Much of Pulp Fiction's action revolves around characters who are in the bathroom or need to use the toilet; Tarantino's other films also feature this trope, though to a lesser extent. At Jack Rabbit Slim's, Mia goes to "powder her nose"—literally; she snorts coke in the restroom, surrounded by a bevy of women vainly primping. Butch and Fabienne play an extended scene in their motel bathroom, he in the shower, she brushing her teeth; the next morning, but just a few seconds later in screen time, there she is again, brushing her teeth. As Jules and Vincent confront Brett and two of his pals, a fourth man is hiding by the toilet—his actions will lead to Jules's transformative "moment of clarity". After Marvin's absurd death, Vincent and Jules wash up in Jimmie's bathroom, where they get into a contretemps over a bloody hand towel. When the diner hold-up turns into a Mexican standoff, "Honey Bunny" whines, "I gotta go pee!"

As described by Peter and Will Brooker, "In three significant moments Vincent retires to the bathroom returns to an utterly changed world where death is threatened." The threat increases in magnitude as the narrative progresses chronologically, and is realized in the third instance:

  1. Vincent and Jules’s diner breakfast and philosophical conversation is aborted by an armed robbery while Vincent is reading on the toilet.
  2. While Vincent is in the bathroom worrying about the possibility of going too far with Marsellus's wife, Mia mistakes his heroin for cocaine, snorts it, and overdoses.
  3. During a stakeout at Butch’s apartment, Vincent emerges from the toilet with his book and is killed by Butch.

In the Brookers' analysis, "Through Vince...we see the contemporary world as utterly contingent, transformed, disastrously, in the instant you are not looking." Fraiman finds it particularly significant that Vincent is reading Modesty Blaise in two of these instances.

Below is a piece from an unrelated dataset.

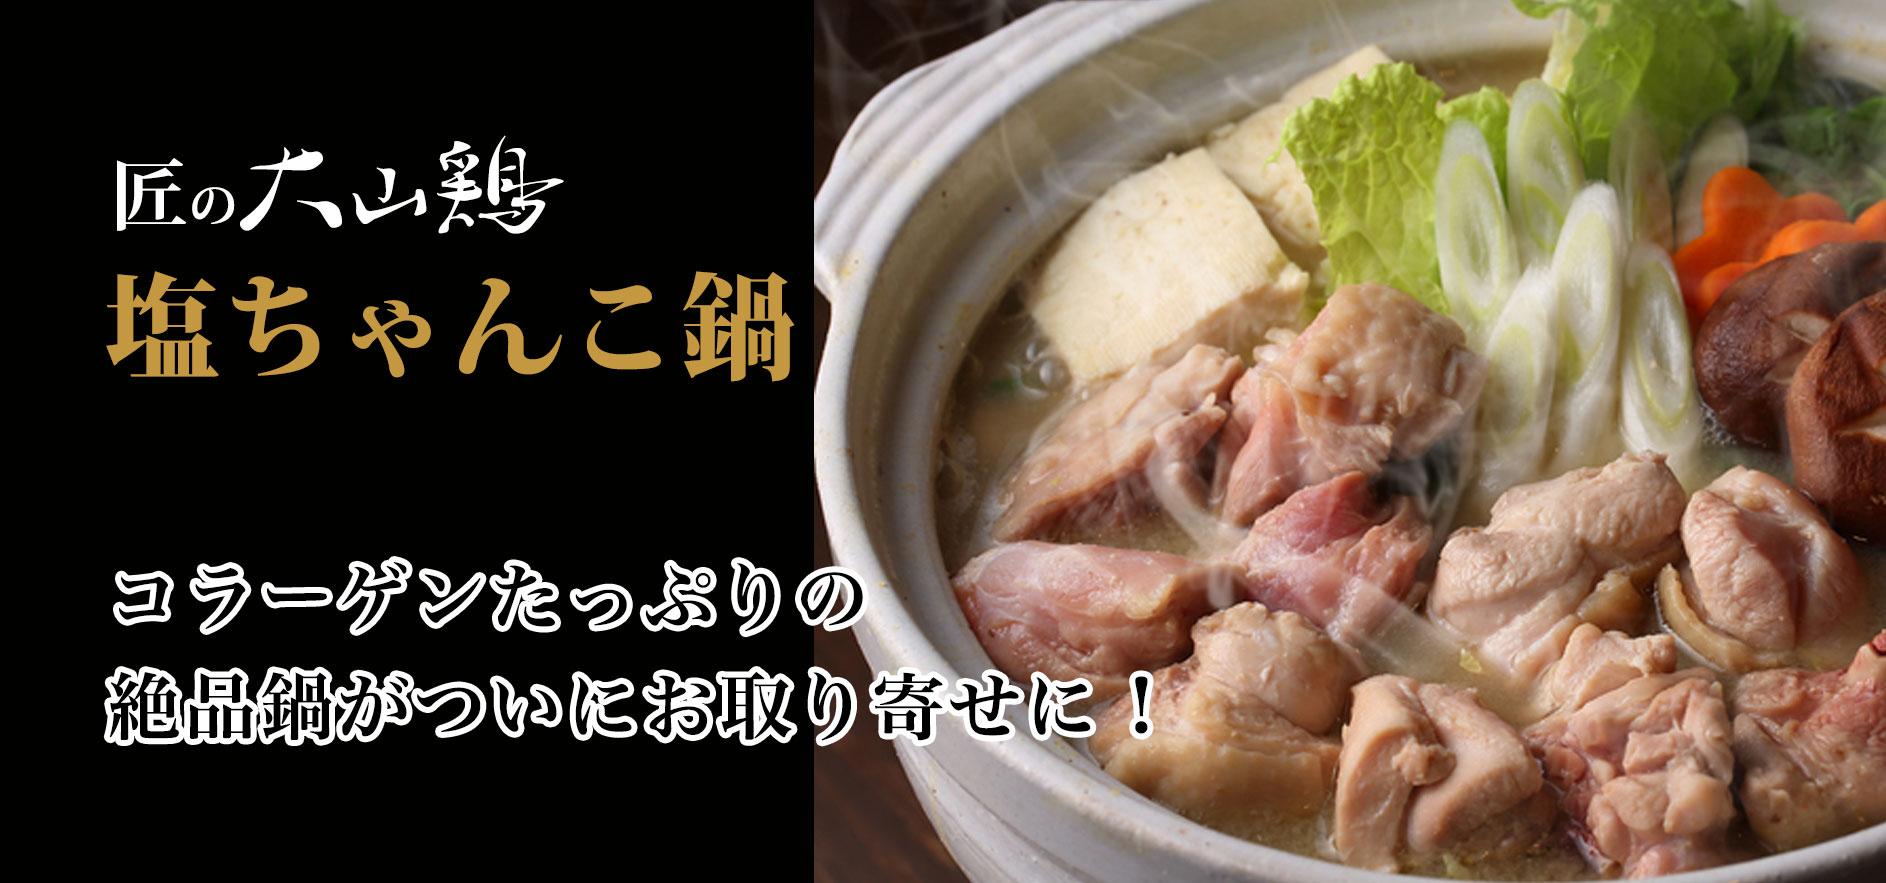 匠の大山鶏 塩ちゃんこ鍋 コラーゲンたっぷりの絶品鍋がついにお取り寄せに !
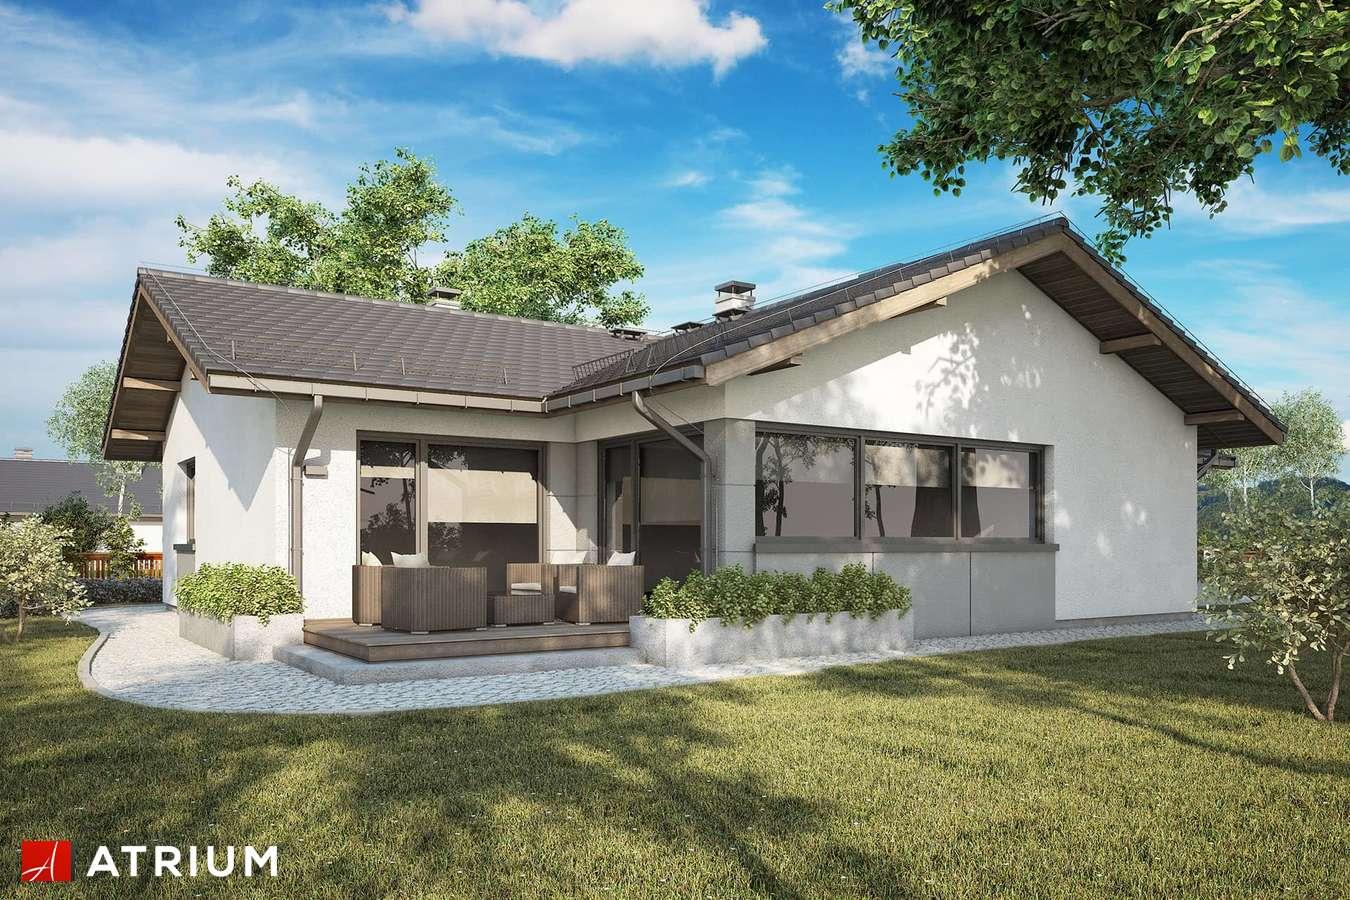 Projekty domów - Projekt domu parterowego OSTOJA VII - wizualizacja 2 - wersja lustrzana

She links this fact with the traditional derisive view of women as "the archetypal consumers of pulp":

Locating popular fiction in the bathroom, Tarantino reinforces its association with shit, already suggested by the dictionary meanings of "pulp" that preface the movie: moist, shapeless matter; also, lurid stories on cheap paper. What we have then is a series of damaging associations—pulp, women, shit—that taint not only male producers of mass-market fiction but also male consumers. Perched on the toilet with his book, Vincent is feminized by sitting instead of standing as well as by his trashy tastes; preoccupied by the anal, he is implicitly infantilized and homosexualized; and the seemingly inevitable result is being pulverized by Butch with a Czech M61 submachine gun. That this fate has to do with Vincent's reading habits is strongly suggested by a slow tilt from the book on the floor directly up to the corpse spilled into the tub.

Willis reads Pulp Fiction in almost precisely the opposite direction, finding "its overarching project as a drive to turn shit into gold. This is one way of describing the project of redeeming and recycling popular culture, especially the popular culture of one's childhood, as is Tarantino's wont as well as his stated aim." Despite that, argues Fraiman, "Pulp Fiction demonstrates...that even an open pulpophile like Tarantino may continue to feel anxious and emasculated by his preferences."